Lessons in civics
Published by Yazad Jal October 8th, 2004 in EducationFrom Don Boudreaux to his 7 year old son. Snippets:
- Even in principle, government is not synonymous with society.- In practice, government is an enemy of civil society.
- Even popularly elected government does not in any meaningful sense represent his interests or those of civil society.
- be forever skeptical of received wisdoms and truths – but always understand that there is much genuine wisdom and many valuable truths in our world; skepticism is indispensable for sorting these relatively few gems from the pack of imposters.
Read the entire piece.
Update (October 15): Came across a post on a libertarian blog that critiques Boudreaux. Interesting read!
I used to enjoy reading Don Boudreaux but this post makes me want to rethink that.
To summarize his statements
- democracy is meaningless as it doesn’t represent the people who elect it (and the alternative is???? Does Bank Of America represent my interest?)
- Politicians are all deceitful liars - and they only got to power by lying to people.
How is that different from any of the people in power - you think Ken Lay, Martha Stewart and all the CEOs got into their positions by being nice, truthful people. Politics is merely one field and just like others you have to claw and fight your way to the top.
Ck, I’m surprised (but glad) you enjoyed reading Don Boudreaux. Your views as evinced by your past comments are rather in opposition to his, and Boudreaux’s views haven’t changed much.
BTW, the post is brief enough not to need any summary. Boudreaux may be harsh on the institution of government, but you mix it somehow with democracy. Democracy is simply a tool used to select a government (or a board of directors in a company or …) He critiques the institution, not the tool.

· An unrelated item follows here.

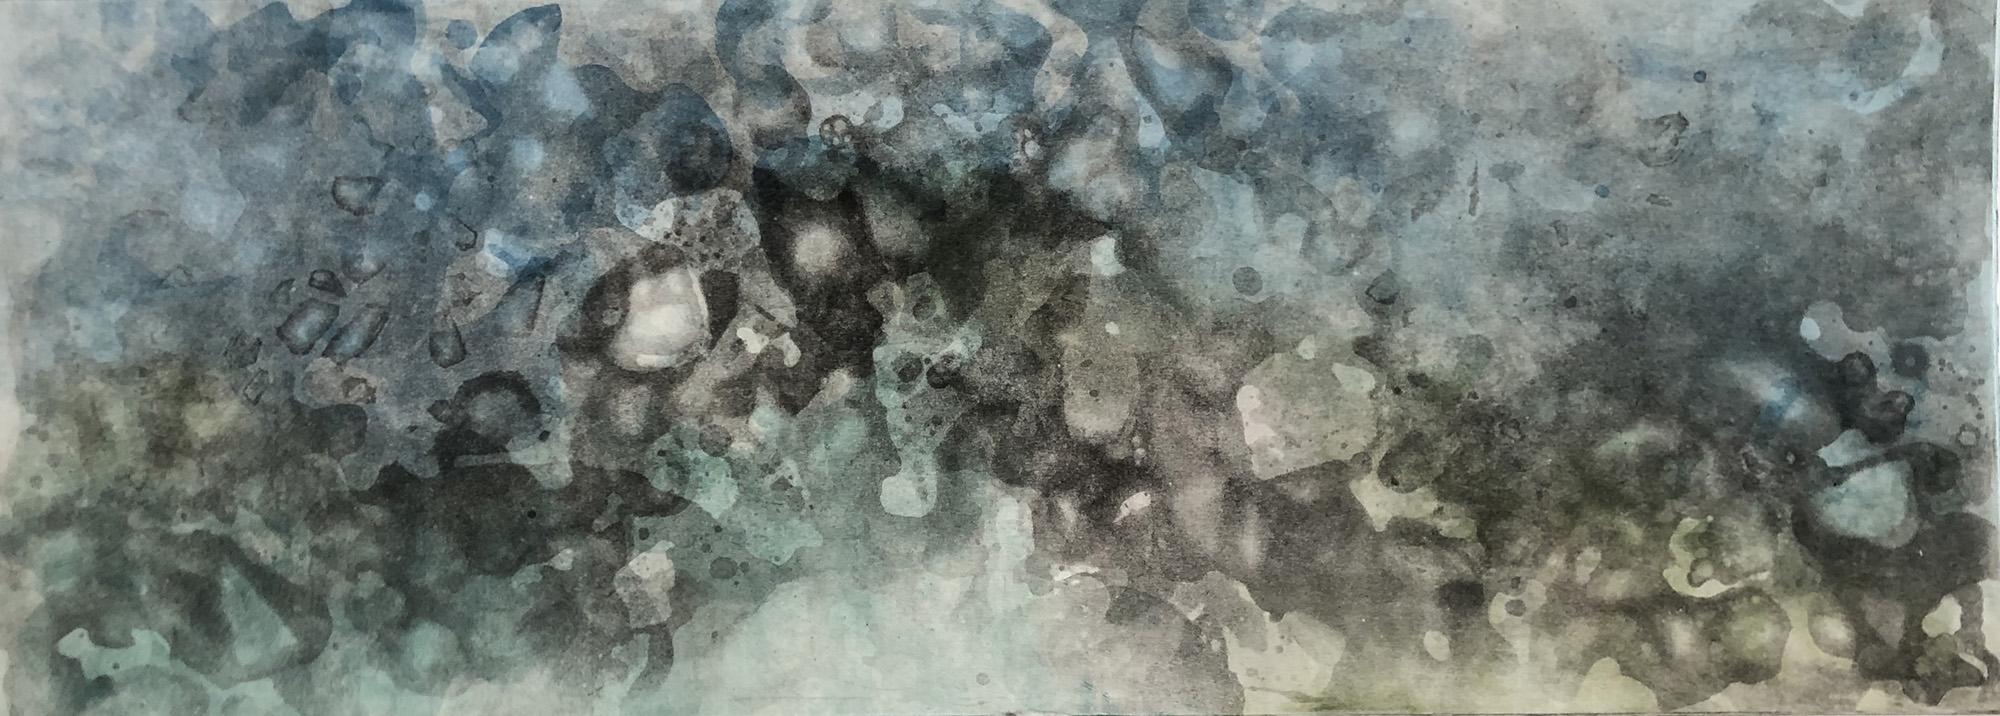 65 points - Broughton_Megan_Recherchebreen Glacial Lagoon 1 (2 plate, multicolor)
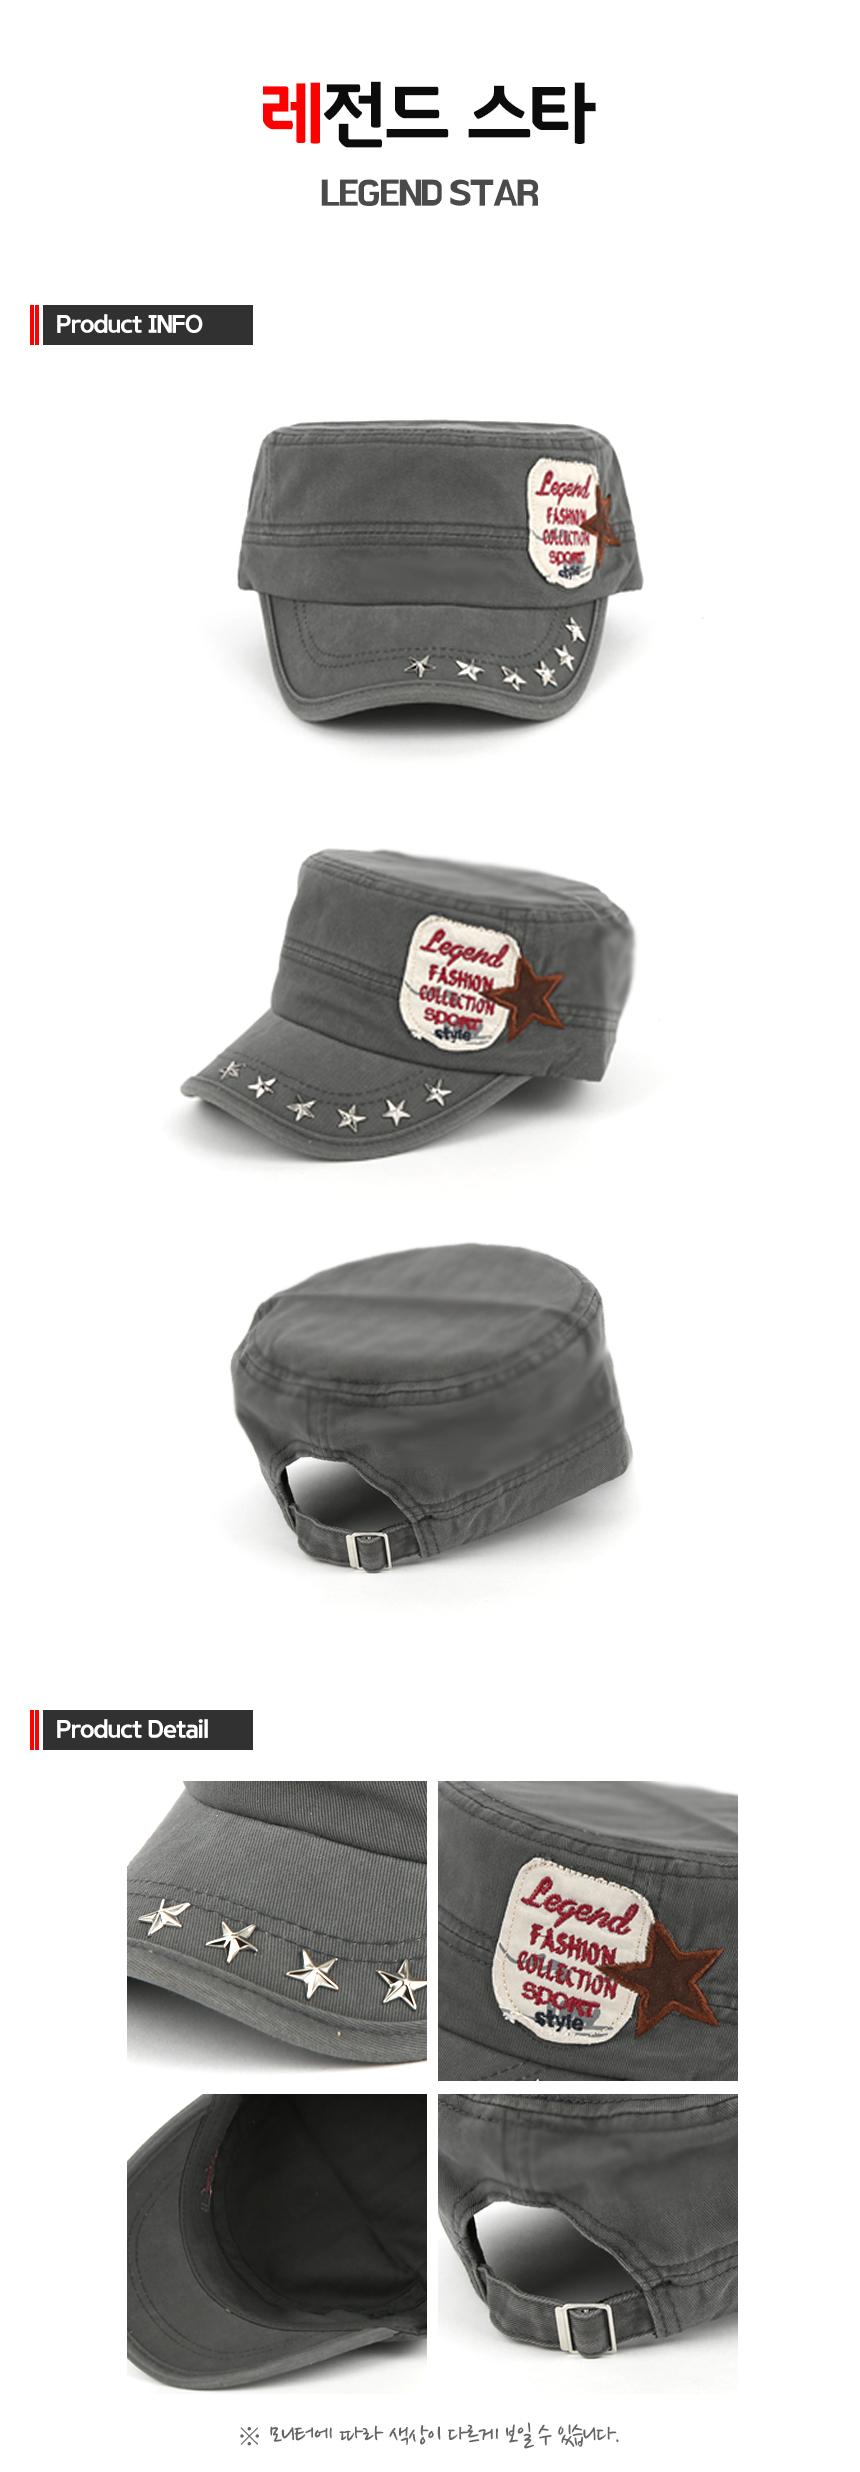 b1c868f58bb 오시오] 레전드스타 남자 여자 야구 캡 모자 브랜드 종류 볼캡 - 11번가

Finally your How is that different from any of the people in power point falls prey to the logical fallacy of appeal to common practice
Ck , seriously - what’s your point?
You can argue with him, but just pouring scorn on his conclusions without having the logic to refute his means is laughable at best(I donno if it anything otherwise, but heck I like to use that phrase ;) )
Actually, CK, I think the whole point of the post was to get ppl thinking. His last bit of wisdom was to remain skeptical, so his points of wisdom are likely not to be taken at face value.
Isn’t it our role as citizens in a democracy to question our government and our leaders?